Want to go back here! Sutro Baths, just outside San Fran |
Just a few random thoughts for ye old blog before bed tonight. Firstly, I am SO grateful and happy to be here. I am enjoying this place, spending time with my boys, and focusing on "real" life SO much. Not gonna lie; it has been HARD. It took us so long to find jobs that we're still fighting money issues right now, but we're s l o w l y getting on track. I'm trying to reach out and make some friends. I almost made it to the ladies night church activity, but I allowed the long work day to be my excuse not to go. I'm thinking about making the effort to get out and be social, hard as that is for me.
It's actually been a welcome break and a nice relief to step away from the horse world for a few months. I honestly haven't thought much about them in the time we've been here. I definitely don't miss the hustle and bustle of the WORK part of it, but I am starting to miss just the simplicity of BEING with horses and smelling/touching them. I reached out to a local big name event trainer tonight to see if she minded if I stopped in to watch a lesson or 2. I would like to slowly ease my way back into it, just watch some lessons, maybe find an event to volunteer at. Then, maybe find a ride. I'm not pushing anything, like I said, the break has been good for me. When you own a horse, ALL your thoughts are obsessed on shows, money for lessons and clinics, new tack, shoes, vet bills, etc. It's nice to not have to worry about that farrier bill or vet bill ... it's stressful! And plus, I worked SO hard just to be able to (barely) afford my horse, it's so weird to work a 4 day week behind a desk; I feel like a slacker!
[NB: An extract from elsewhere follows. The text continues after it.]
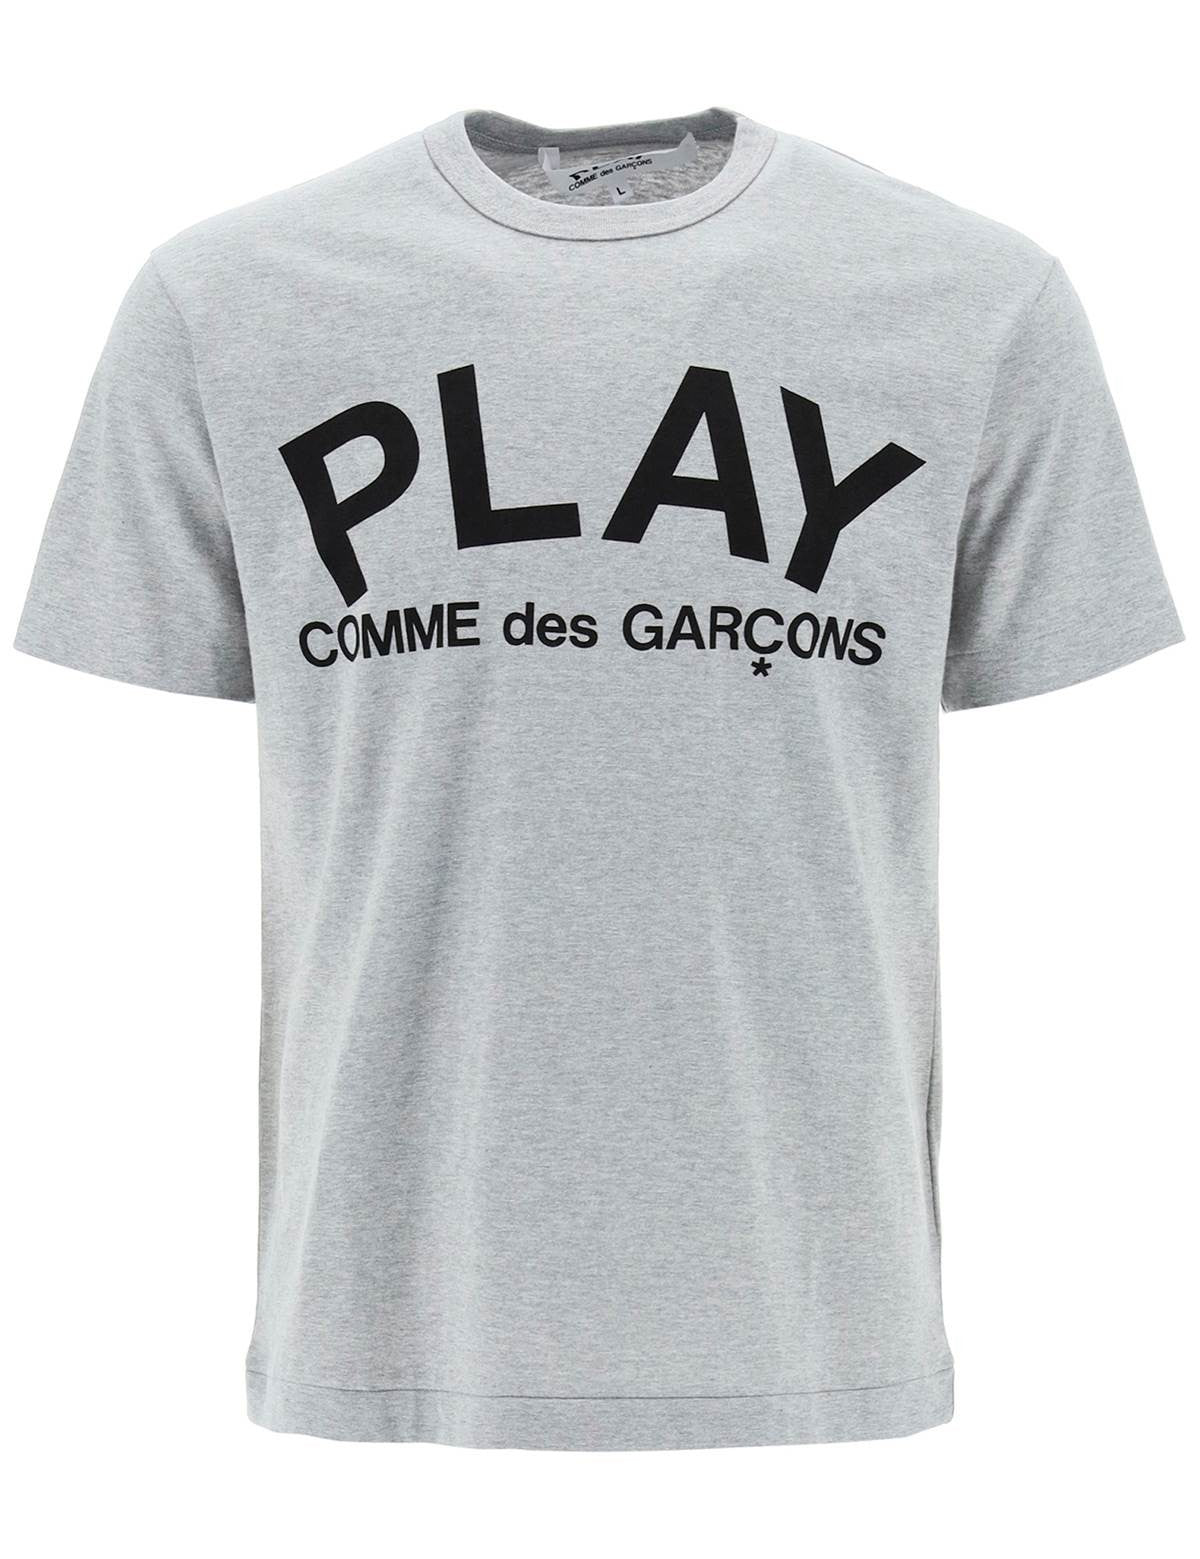 comme-des-garcons-play-t-shirt-with-play-print_019f45ac-b4f5-43a0-ae5b-721f55b460fa.jpg

Great message on disciplining your kids at church today. Makes me realize I can indeed take SOME credit for how awesome my child is, because even though his personality is amazing, my husband and I have NEVER allowed him to get away with anything. From a young age, we had expectations of our son. He has to clean his room, be respectful, sit still, and generally not be a heathen. He is currently one of the most amazing, respectful, kind hearted, and awesome 11 year olds I know. I'm glad we had the sense to set boundaries and have expectations back when he was 2, so now as he begins to transition to teenager, I'm confident he will not resort to sullen teenage boy antics.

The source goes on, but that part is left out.